AGCO Regional Net Sales (in millions)

Three Months Ended December 31,   2014     2013     % change from 2013   % change from 2013 due to currency translation(1)
North America $ 549.2   $ 658.1   (16.5 )% (1.0 )%
South America 414.6 461.7 (10.2 )% (12.4 )%
Europe/Africa/Middle East 1,374.7 1,602.9 (14.2 )% (8.1 )%
Asia/Pacific 146.7   137.0   7.1 % (5.6 )%
Total $ 2,485.2   $ 2,859.7   (13.1 )% (7.0 )%
 
Years Ended December 31, 2014   2013   % change from 2013

% change from 2013 due to currency translation(1)

North America $ 2,414.2 $ 2,757.8 (12.5 )% (0.9 )%
South America 1,663.4 2,039.7 (18.4 )% (8.8 )%
Europe/Africa/Middle East 5,158.5 5,481.5 (5.9 )% (0.7 )%
Asia/Pacific 487.6   507.9   (4.0 )% (2.6 )%
Total $ 9,723.7   $ 10,786.9   (9.9 )% (2.4 )%
(1) See Footnotes for additional disclosures

North America

Excluding the negative impact of currency translation, net sales in the North American region declined 11.5% in the full year of 2014 compared to the same period in 2013. The most significant decreases were in high-horsepower tractors and implements, with growth in small tractor sales and hay tools partially offsetting the declines. Lower sales and production volumes and a weaker sales mix contributed to a reduction in income from operations of $106.7 million for the full year of 2014 compared to the same period in 2013.

South America

Net sales, excluding unfavorable currency translation impacts, decreased 9.6% in AGCO’s South American region in the full year of 2014 compared to the same period in 2013. Softer market demand and reduced sales in Brazil produced nearly all of the decrease. Income from operations decreased $78.7 million for the full year of 2014 compared to the same period in 2013 due to lower sales and production volumes, as well as a weaker mix of sales.

Europe/Africa/Middle East

Net sales in EAME decreased 5.2% in the full year of 2014 compared to the full year of 2013, excluding the impact of unfavorable currency translation due to softer end-market demand. Sales declines in France and Germany were partially offset by growth in Africa and Turkey. Operating income decreased $58.0 million in the full year of 2014 compared to the same period in 2013. The negative impact of reduced production levels and a weaker sales mix were partially offset by cost reduction initiatives.

Asia/Pacific

AGCO’s Asia/Pacific net sales decreased 1.4% in the full year of 2014 compared to the full year of 2013, excluding the negative impact of currency translation. Income from operations in the Asia/Pacific region declined $12.0 million in the full year of 2014, compared to the same period in 2013, due to lower sales and increased market development costs in China.

Outlook

Lower commodity prices relative to 2014 are expected to negatively impact farm income, pressuring industry demand across the developed agricultural equipment markets in 2015. Net sales for 2015 are expected to range from $8.1 to $8.3 billion, reflecting the impacts of softer market conditions and unfavorable currency translation. Gross and operating margins are expected to be below 2014 levels due to the negative impact of lower sales and production volumes along with a weaker sales mix. Benefits from the Company’s restructuring and other cost reduction initiatives are expected to partially offset the volume related impacts. Based on these assumptions, 2015 earnings per share are targeted at approximately $3.00, excluding restructuring and other infrequent expenses. In the first quarter of 2015, earnings per share is expected to be significantly lower than reported for the first quarter of 2014 due to lower production levels associated with inventory reduction efforts.

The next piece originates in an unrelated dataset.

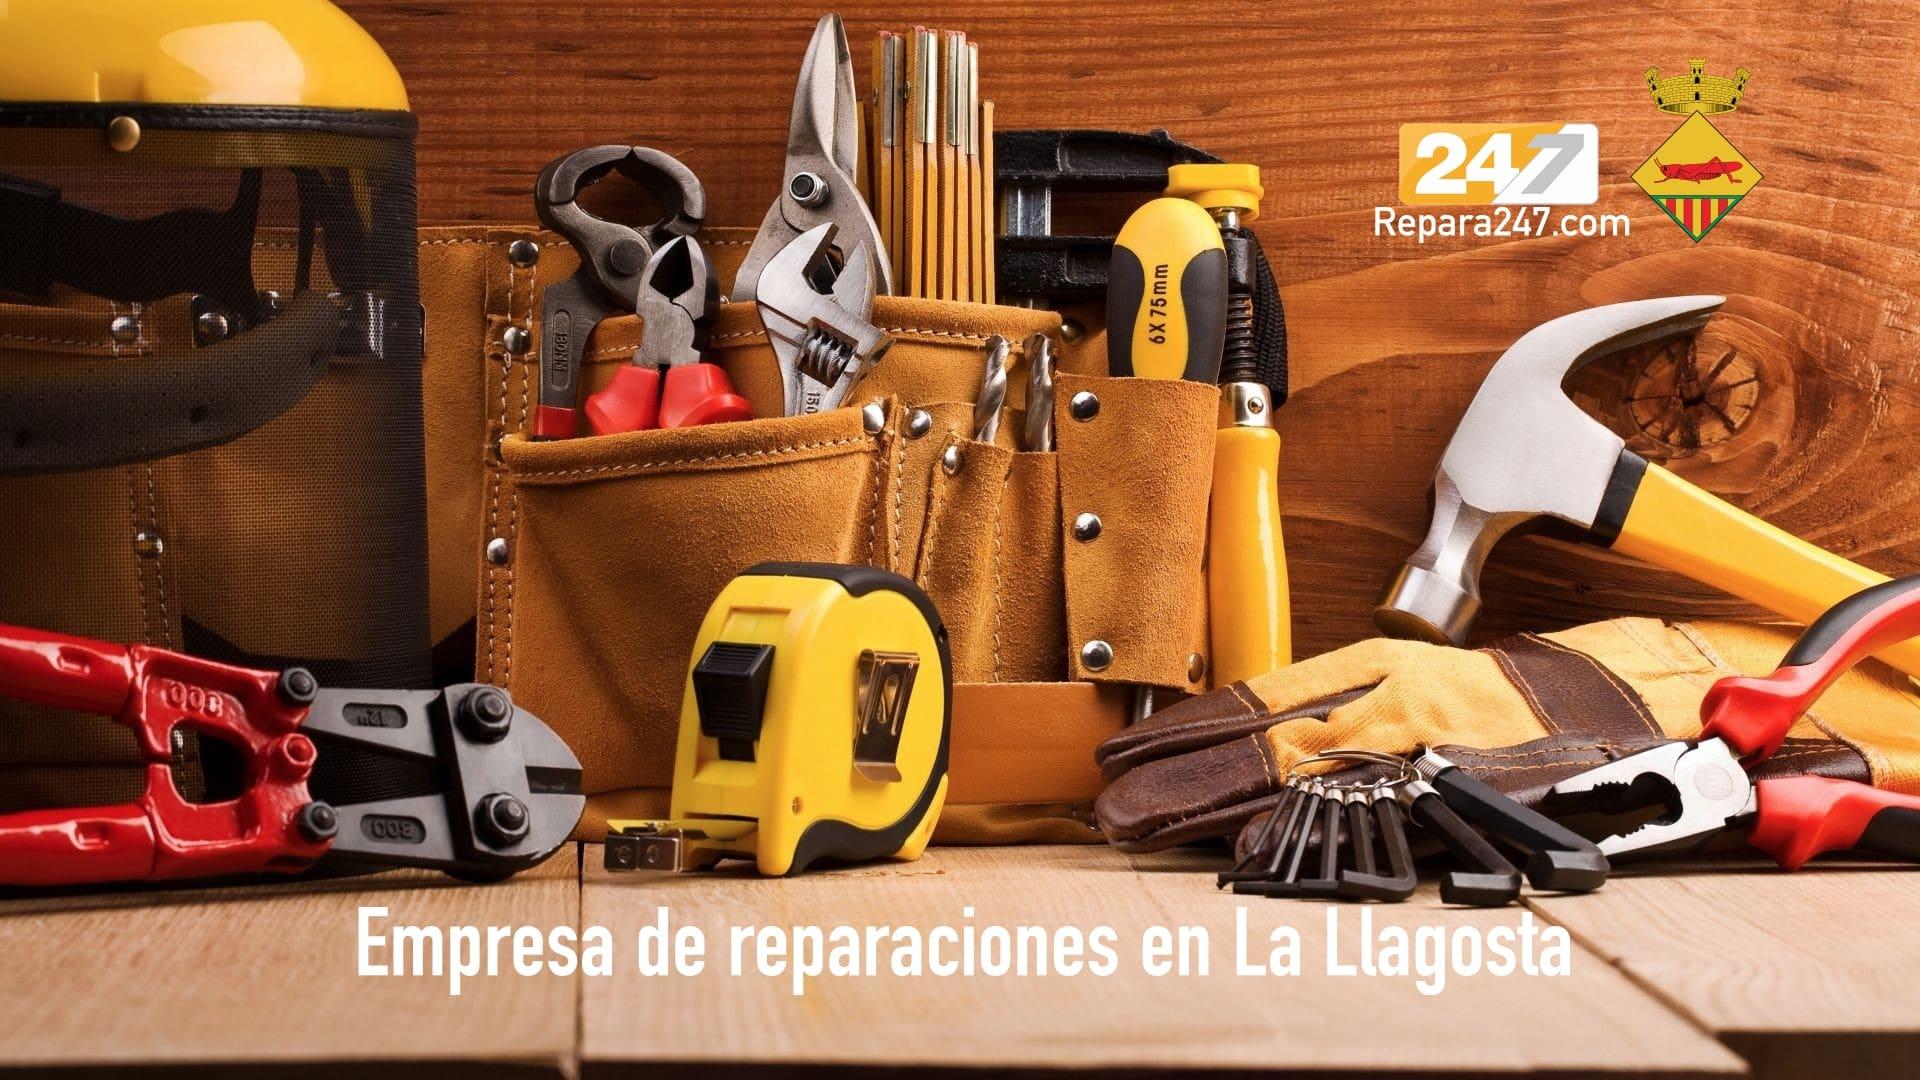 Empresa de reparaciones en La Llagosta
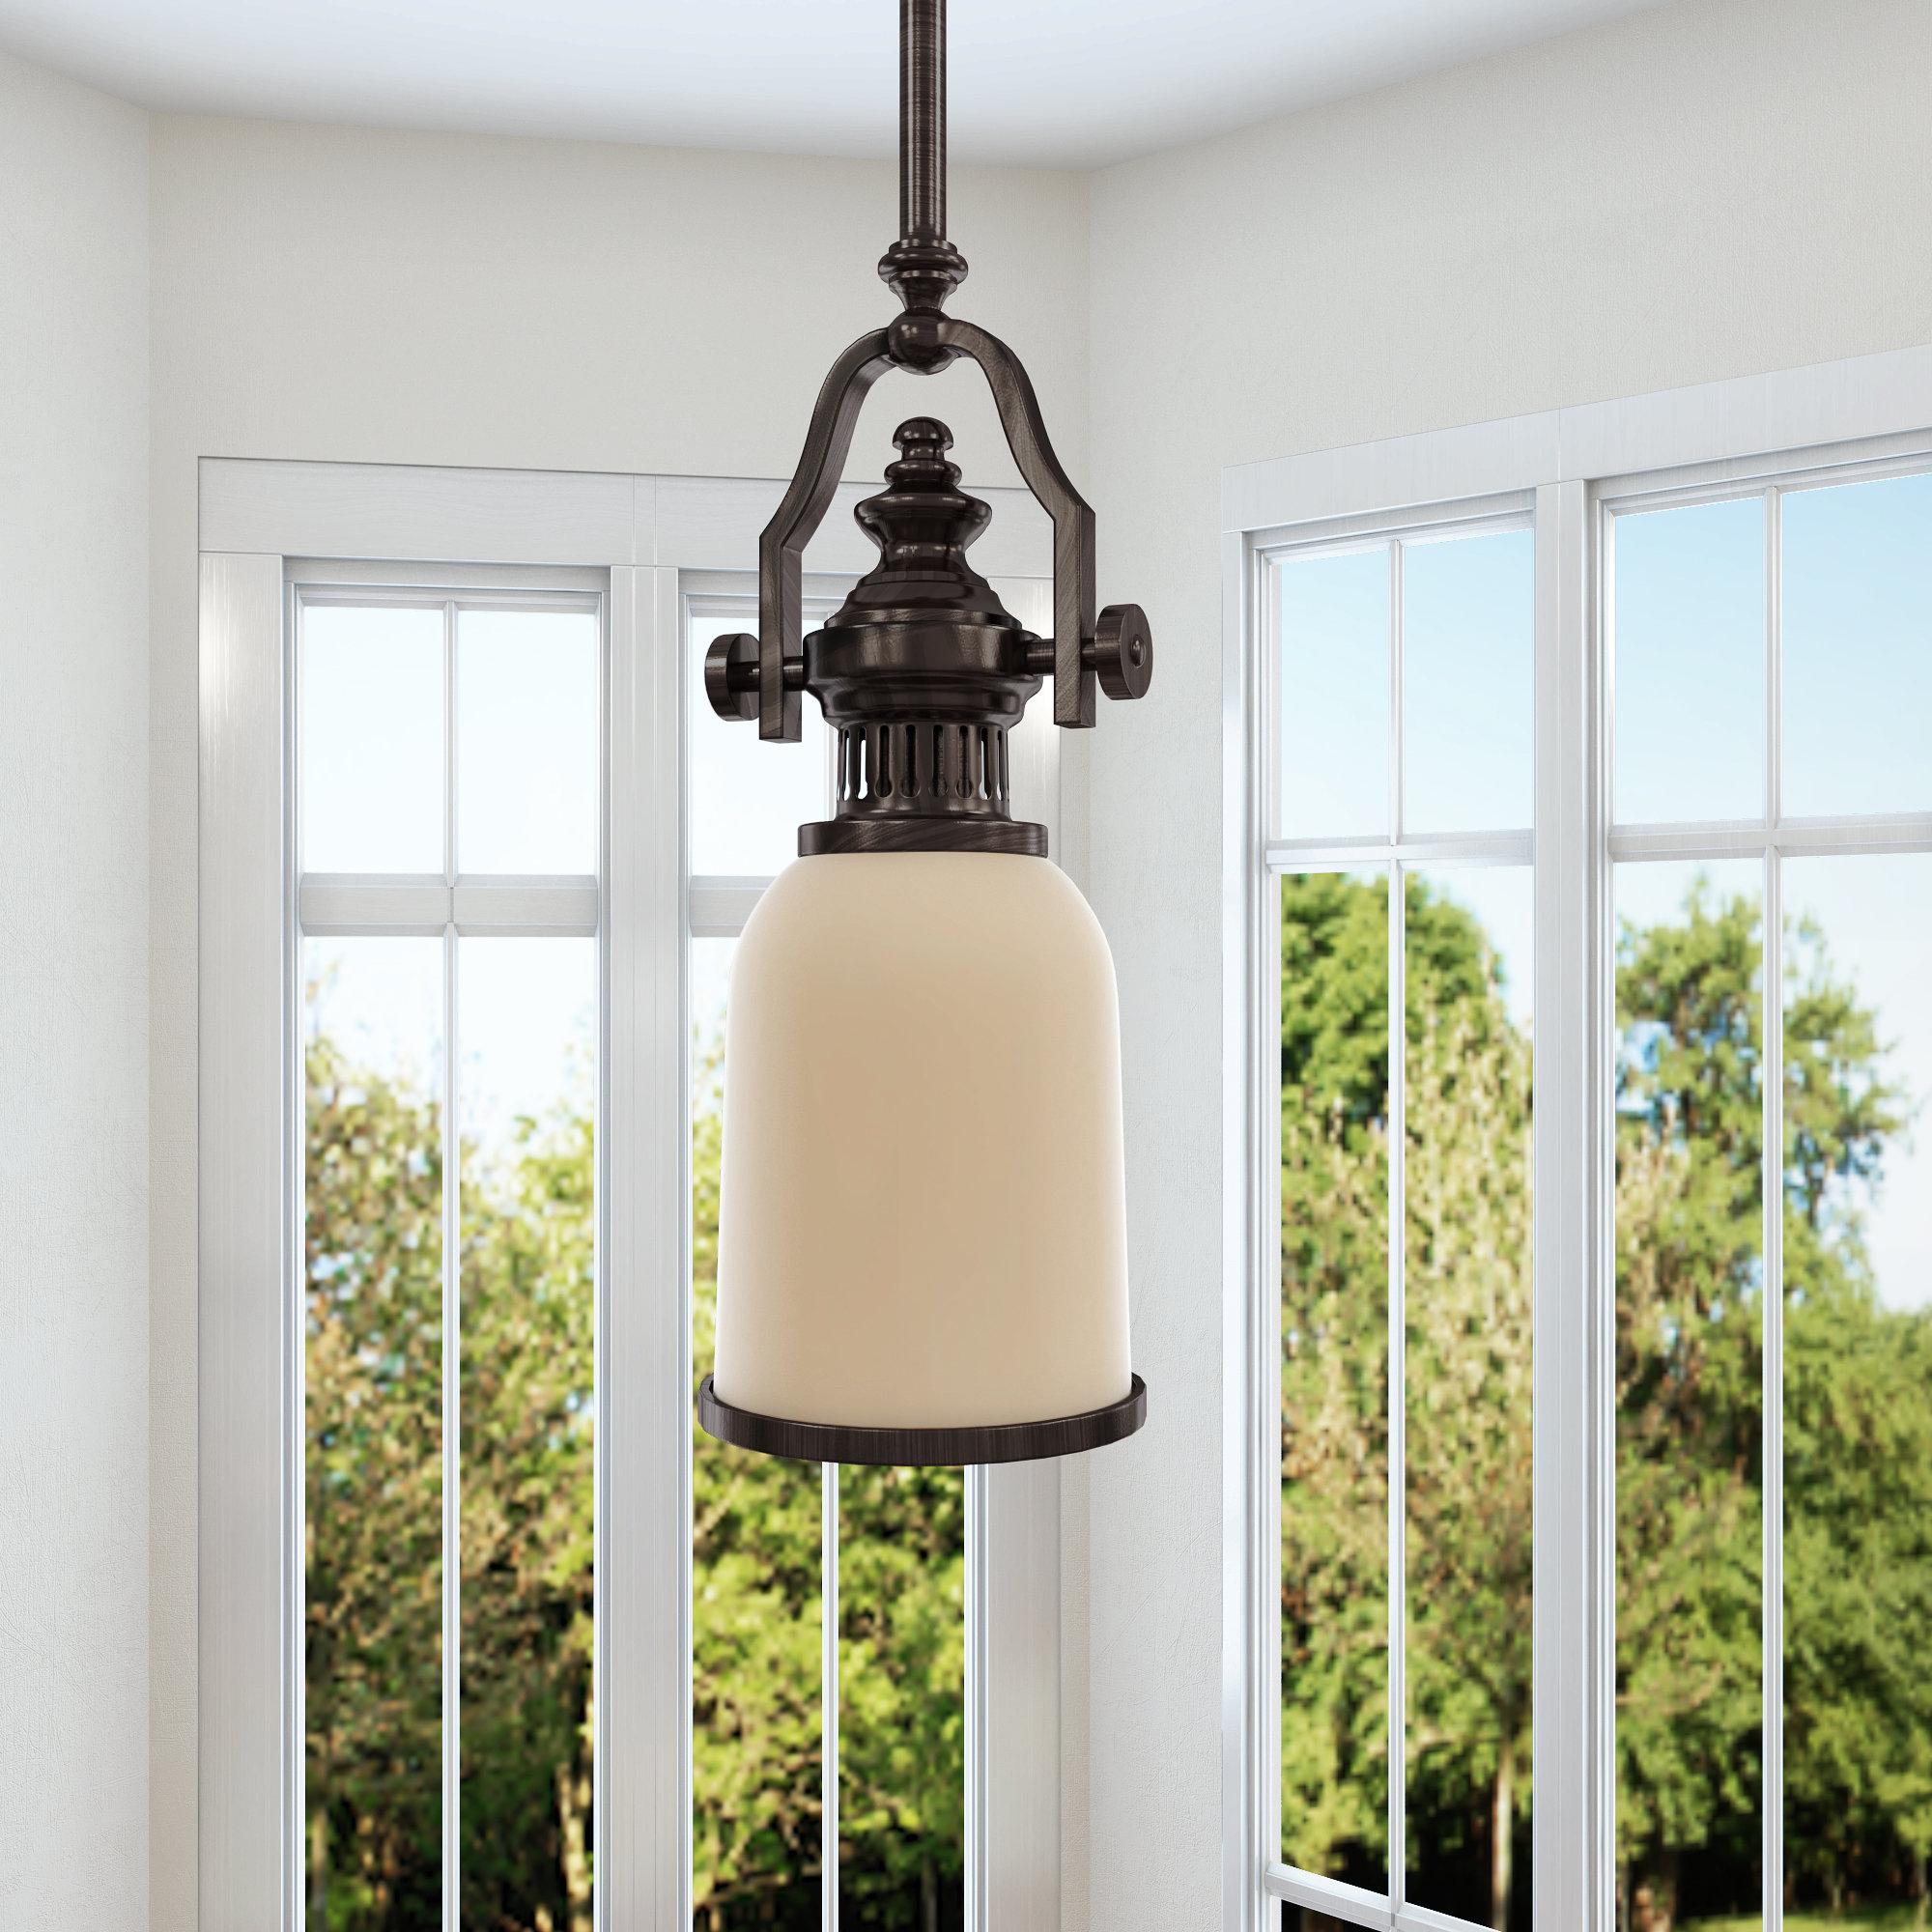 Erico 1 Light Single Bell Pendants With Regard To Recent Susan 1 Light Single Bell Pendant (View 8 of 20)

“As we look ahead, we expect weaker end market demand and currency headwinds to make 2015 more challenging than 2014,” continued Mr. Richenhagen. “Despite the market challenges, our priorities remain unchanged, focusing on margin performance and cash generation while providing superior products and services to our customers. When we look beyond the softer market conditions we face today, the healthy, long-term fundamentals of our industry remain intact. We will continue to invest in new product development, distribution enhancements and productivity improvements to enable our long-term growth and improve our financial performance.”

*****

AGCO will be hosting a conference call with respect to this earnings announcement at 10:00 a.m. Eastern Time on Tuesday, February 3, 2015. The Company will refer to slides on its conference call. Interested persons can access the conference call and slide presentation via AGCO’s website at www.agcocorp.com in the “Events” section on the “Company/Investors” page of our website. A replay of the conference call will be available approximately two hours after the conclusion of the conference call for twelve months following the call. A copy of this press release will be available on AGCO’s website for at least twelve months following the call.

*****

Safe Harbor Statement

Statements that are not historical facts, including the projections of earnings per share, sales, industry demand, market conditions, population growth, biofuel consumption, commodity prices, currency translation, farm income levels, margin levels, investments in product development, operational and financial initiatives, production volumes, market development and performance and general economic conditions, are forward-looking and subject to risks that could cause actual results to differ materially from those suggested by the statements. The following are among the factors that could cause actual results to differ materially from the results discussed in or implied by the forward-looking statements.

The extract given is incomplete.